WORK INSTRUCTION: Restate every line below word for word, but drop each picture.

(DATASET CONTENT begins)

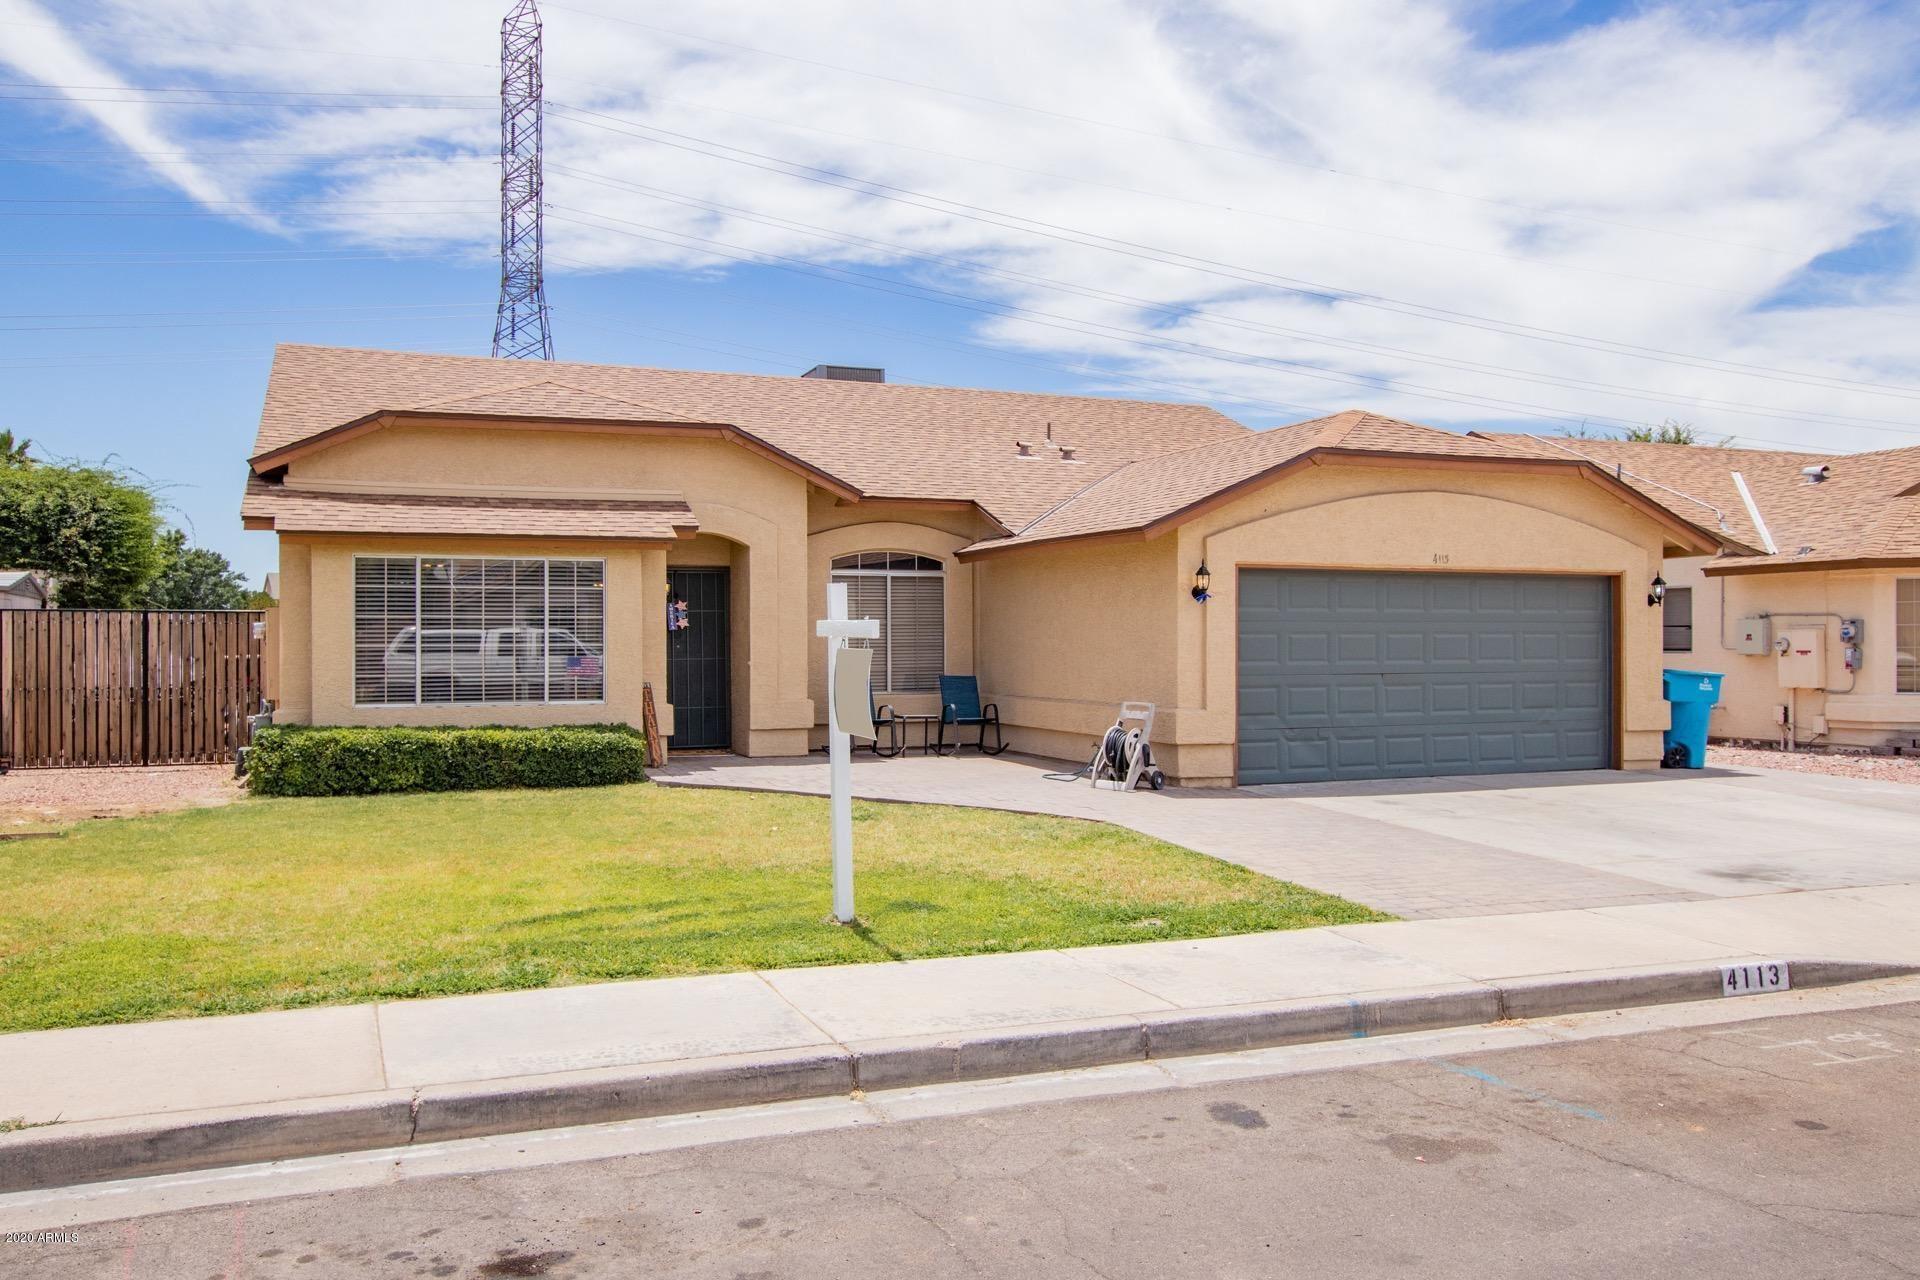 4113 W WHISPERING WIND Drive, Glendale, AZ 85310 - MLS#: 6095910
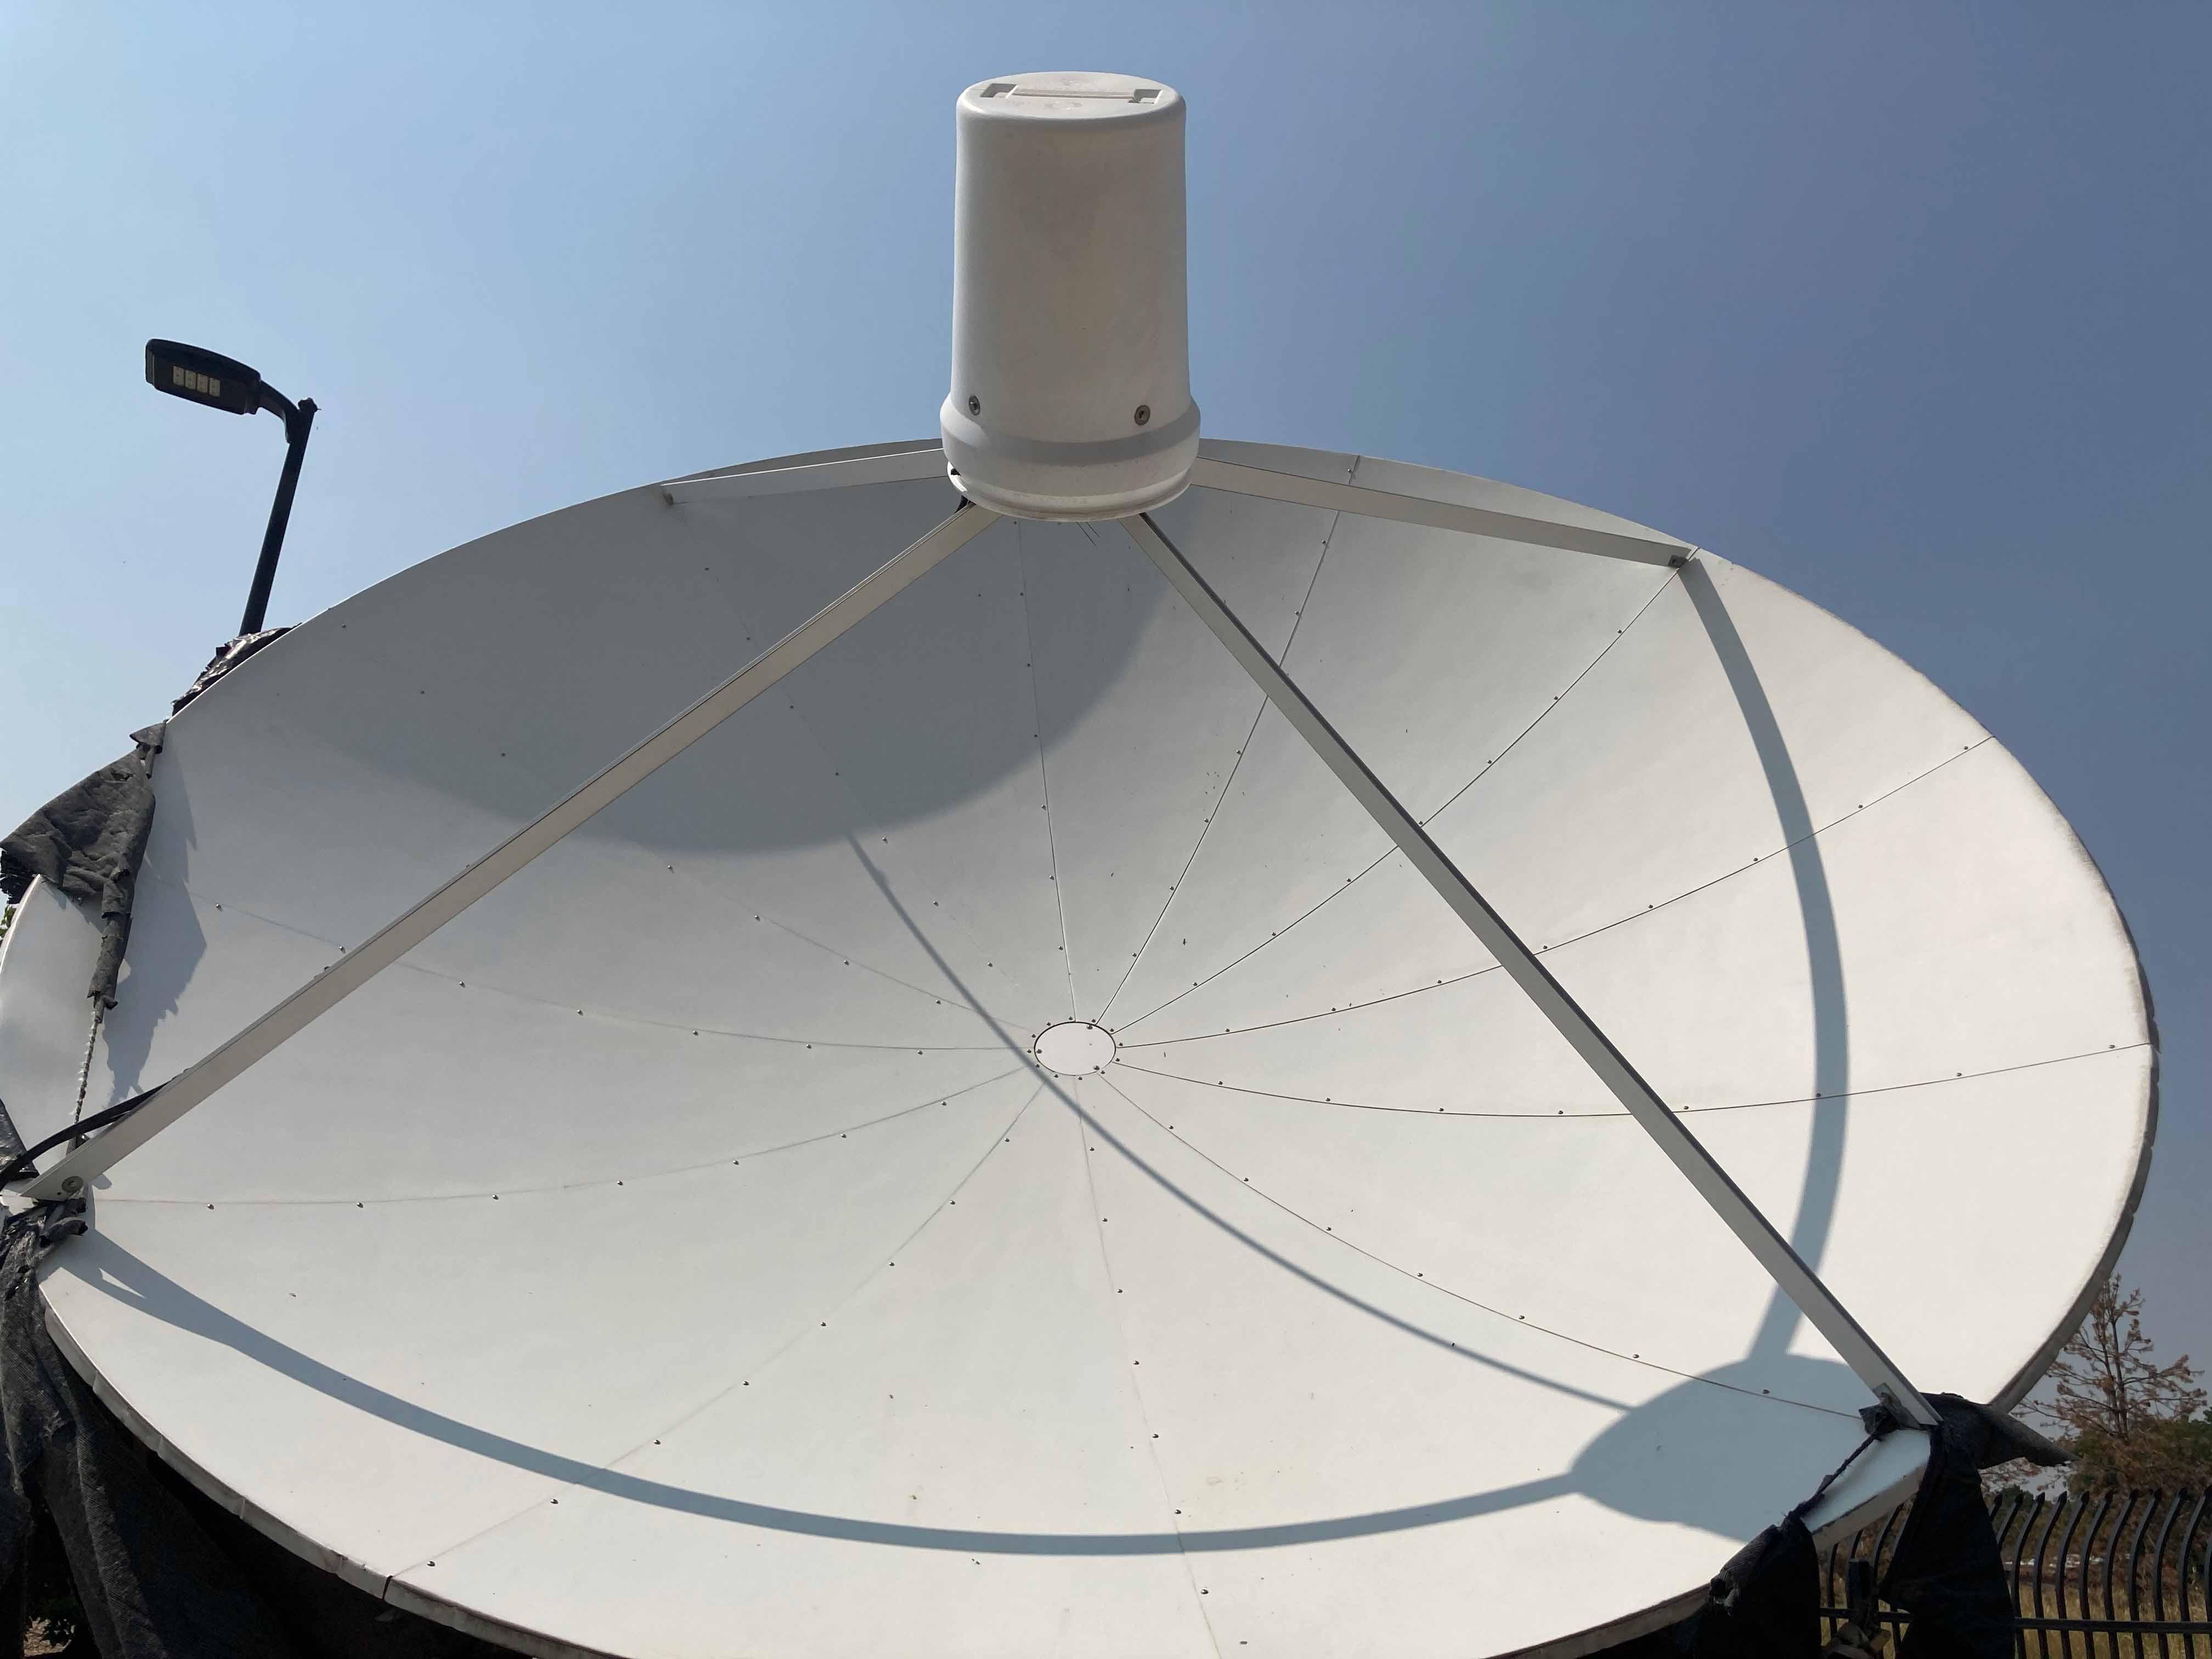 AuroraTV's old c-band satellite dish
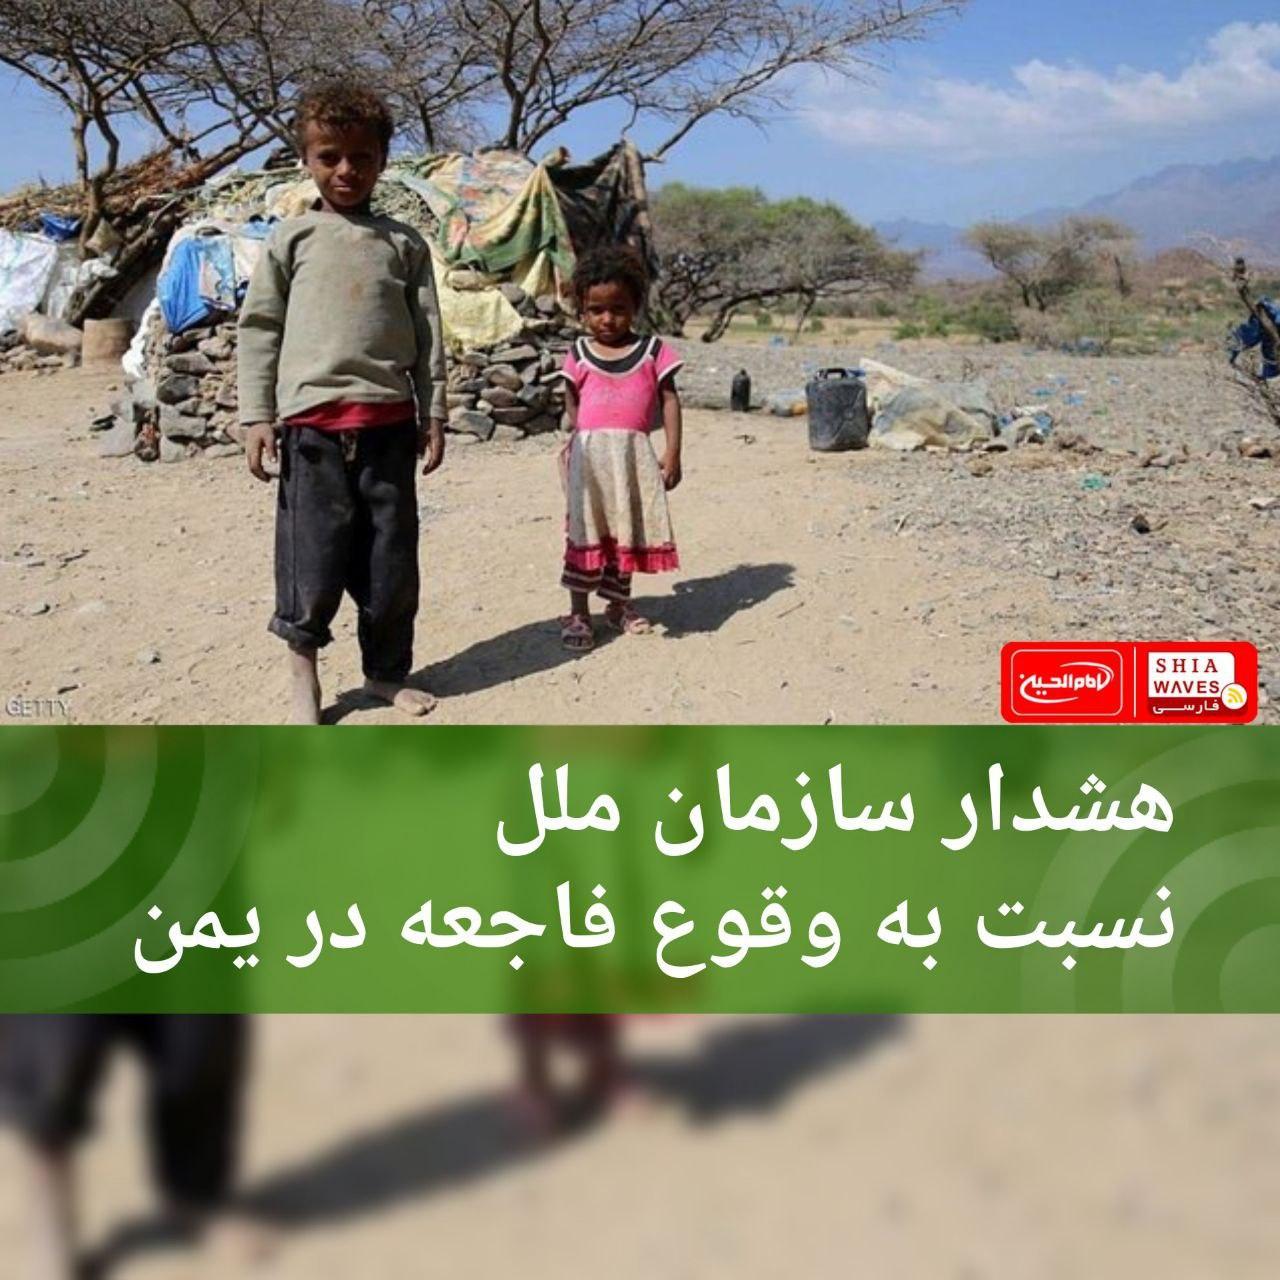 تصویر هشدار سازمان ملل نسبت به وقوع فاجعه در یمن
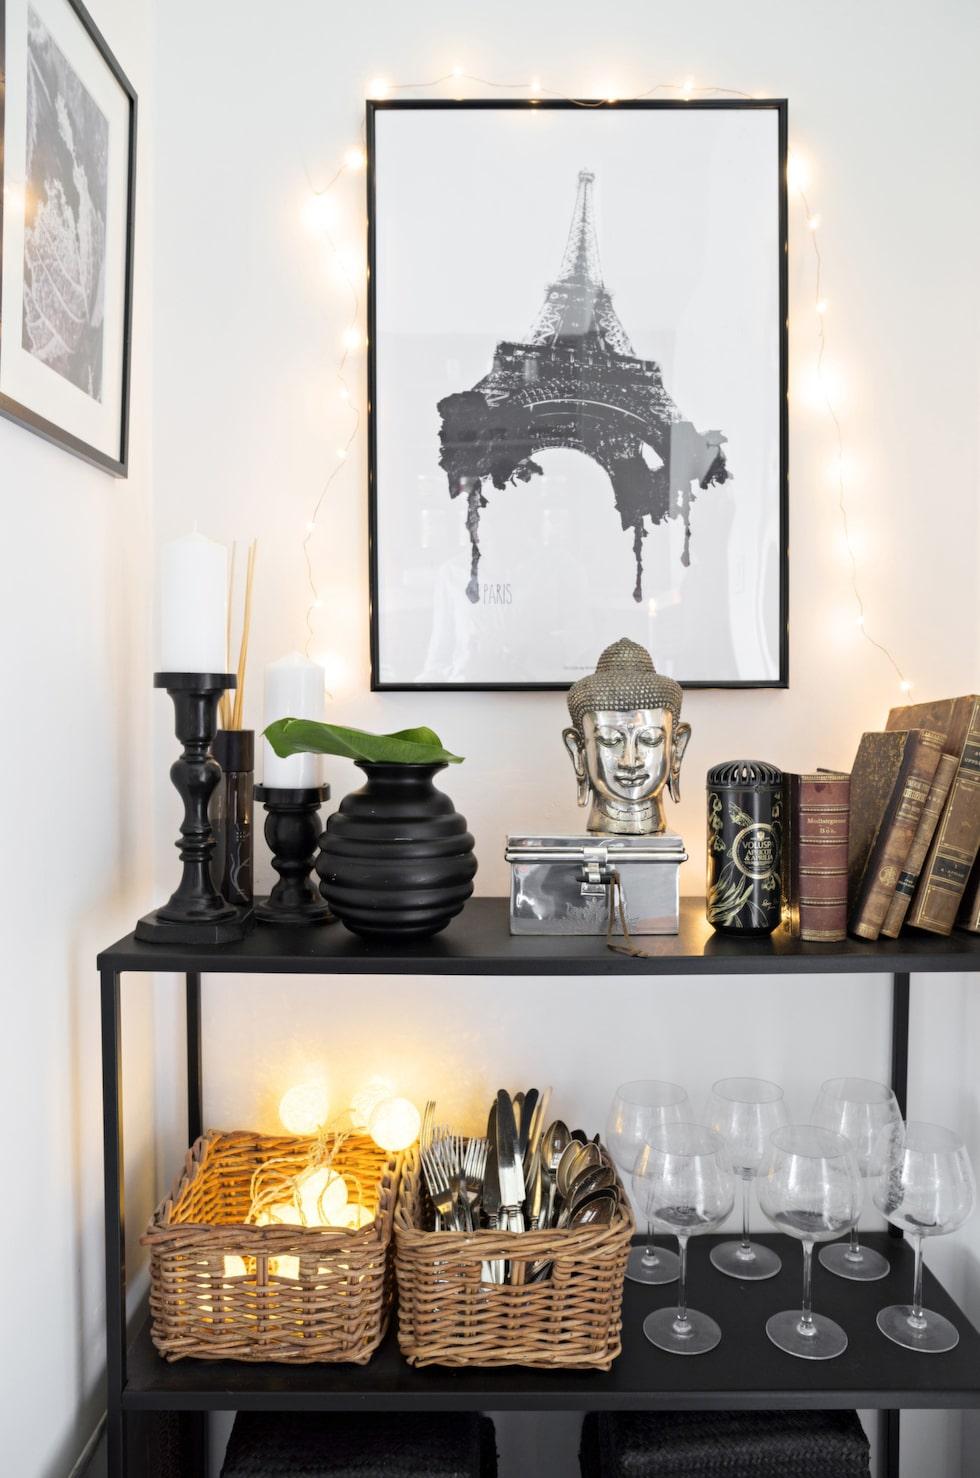 Den svarta plåthyllan från Villa tretton fungerar som extra avställningsyta i köket och rymmer även bestick och glas. Posters på väggen från Desenio.

(DATASET CONTENT ends)

YOUR SOLUTION:
 4113 W WHISPERING WIND Drive, Glendale, AZ 85310 - MLS#: 6095910
 AuroraTV's old c-band satellite dish
 تصویر هشدار سازمان ملل نسبت به وقوع فاجعه در یمن
 Den svarta plåthyllan från Villa tretton fungerar som extra avställningsyta i köket och rymmer även bestick och glas. Posters på väggen från Desenio.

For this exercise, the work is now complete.